Does Australia need to step up its cyber security efforts?
Cyber crime poses a huge threat to developed nations around the world, from computer viruses, phishing scams and distributed denial-of-service (DDoS) attacks to cyber terrorism and cyber warfare. It's why governments are investing millions into tackling cyber crime; developing national strategies, setting up specialist units and collaborating with the police and the IT industry in response to this growing challenge.
Cyber crime can have a significant detrimental effect on a nation's economy. Not only can it lead to big losses for businesses and government departments, it can also have a reputational impact, making the country less attractive as a place to do business.
Unfortunately, the reality is that cyber criminals are usually one step ahead. But it is true that some countries perform better at tackling cyber crime than others, and there have been concerns over whether Australia is doing everything it could to protect its citizens, its business community and its governmental and public bodies.
Australia 'lagging behind' on cyber security
There have been several warnings about the strength of Australia's cyber security capabilities in recent years, with one of the latest coming from the country's national science agency the Commonwealth Scientific and Industrial Research Organisation.
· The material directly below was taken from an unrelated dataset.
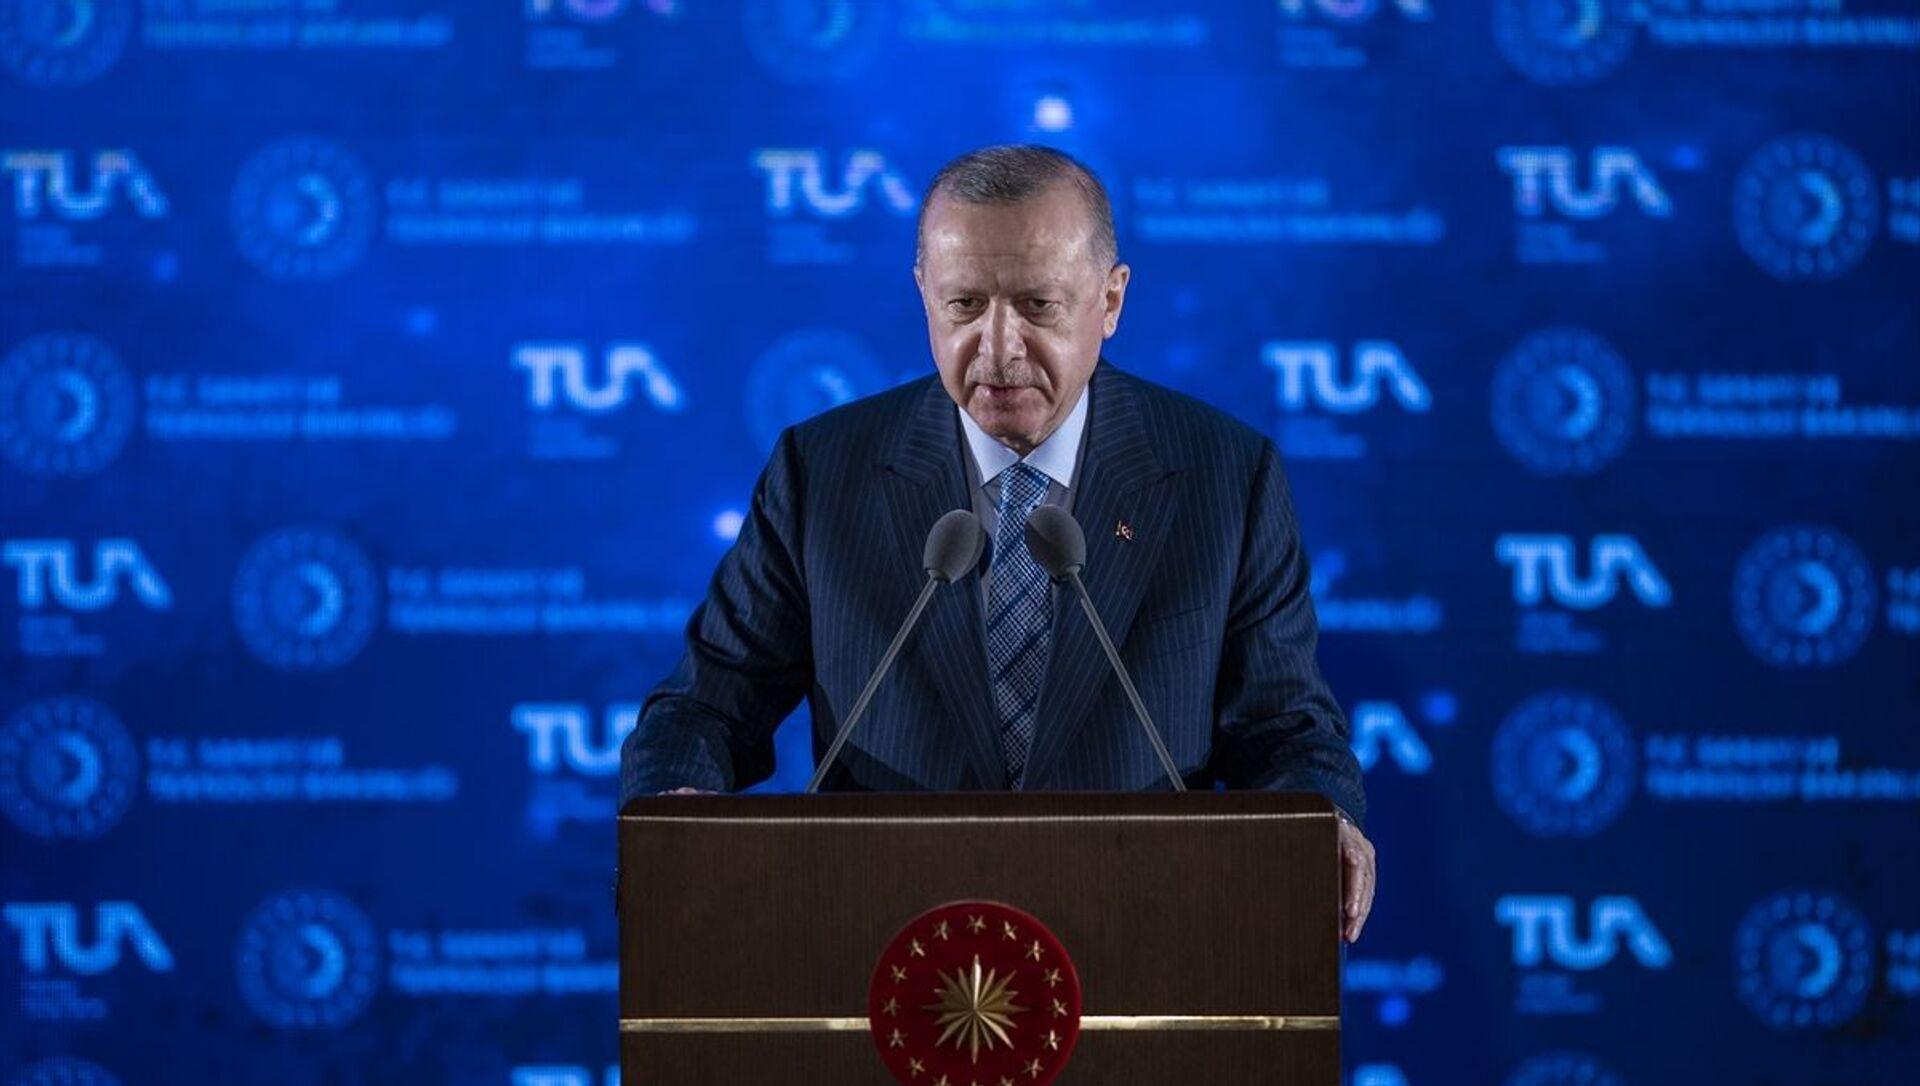 Türkiye Cumhurbaşkanı Recep Tayyip Erdoğan, Beştepe Millet Kongre ve Kültür Merkezi'nde düzenlenen Milli Uzay Programı Tanıtım Toplantısı'na katılarak konuşma yaptı. - Sputnik Türkiye, 1920, 09.02.2021

In a report titled Australia's Digital Future: Cyber Security Trends and Implications, it warned that because of rapid digitalisation across Australia, the volume, speed and severity of cyber attacks is likely to increase substantially unless the country is able to ramp up its defences against internet crime.
It suggested that future attacks could make last year's Heartbleed scare seem fairly tame in comparison, with mass blackouts, prolonged online outages and widespread incidents of fraud involving health records and taxation data all possible if Australia fails to take action now.
Another recent report, this time examining the risks cyber crime poses to Australia's financial system, concluded that the country's national Cyber Security Strategy (CSS) is out of date and is lagging behind other nations such as the US, the UK, France, Germany and Singapore.
The Financial System Inquiry called on the government to review and update the CSS, which was implemented in 2009, to take account of the new and rapidly changing cyber threats facing the country. It also advocates better cohesion and coordination between public and private sector organisations on the implementation of cyber security policies.
Australia's vulnerability to cyber attacks
Australia's vulnerability to cyber attacks compared to other developed nations around the world has been highlighted by two recent surveys, which demonstrate the impact on both businesses and on ordinary citizens in the country.
According to research carried out by BT Security, some 64 per cent of Australian companies have been hit by DDoS attacks in the last 12 months, causing system crashes that have lasted for at least six hours. This was the highest percentage out of all 11 of the geographical areas measured in the report and compares to a global average of 41 per cent.
"Organisations all over the world are increasingly experiencing disruptive cyber attacks, especially DDoS attacks, but it has now become clear that Australia is being hit the hardest," said Kevin Taylor, president of BT Global Services for Asia, the Middle East and Africa in an article for Technology Spectator.
Meanwhile, a new report from Trend Micro has shown that Australian internet users are more likely to fall victim to ransomware than those elsewhere around the developed world based on the size of the country's population and the number of incidents reported.
Indeed, Australia accounted for five per cent of ransomware attacks in Trend Micro's Security Roundup for the first quarter of 2014, even though it has a population of just 23 million. Germany, with a population of 82 million, accounted for four per cent of infections and France, with 66 million people, accounted for two per cent.
Other countries did record a higher number of incidents, but their populations are also substantially larger than Australia's. For example, the US accounted for 28 per cent of attacks, but it has a population of 314 million, while Japan has a population of 128 million and accounted for 22 per cent.
A need for cyber security talent
It has become clear that Australia needs to do more on cyber crime prevention, but does the country have enough skilled IT professionals to help it take up the challenge? The answer appears to be no. Australia's chief scientist Ian Chubb has been warning for some time now that there are not enough students studying IT-related degrees, and that this could lead to a significant skills shortage.
And earlier this year, National ICT Australia claimed the country could "miss the chance to build an internationally competitive cyber security industry if it doesn't move quickly to foster an agile ecosystem that would create market opportunities and challenging careers for our best computer scientists and software engineers".
This is why the University of New South Wales in Canberra has opened the Australia Centre for Cyber Security at the Australian Defence Force Academy (ADFA) campus, where undergraduate and post-doctoral programmes will be available and where researchers will work tirelessly to help protect the country from the kind of cyber security threats that pose a serious risk to national security.
Launching the facility, assistant minister for defence, Stuart Robert, said: "The centre's research will cover issues such as cyber ethics, law and justice as well as those issues that affect the everyday lives of people and businesses, such as computer and network security."
He added: "We are lucky to have this centre located at ADFA where our future leaders will have access to state-of-the-art research on this significant issue."
But creating a new army of cyber security experts may take time, and Australia needs them now, which is why the country presents such an exciting opportunity for professionals who already possess the kind of skills and experience that are needed within Australia's IT industry.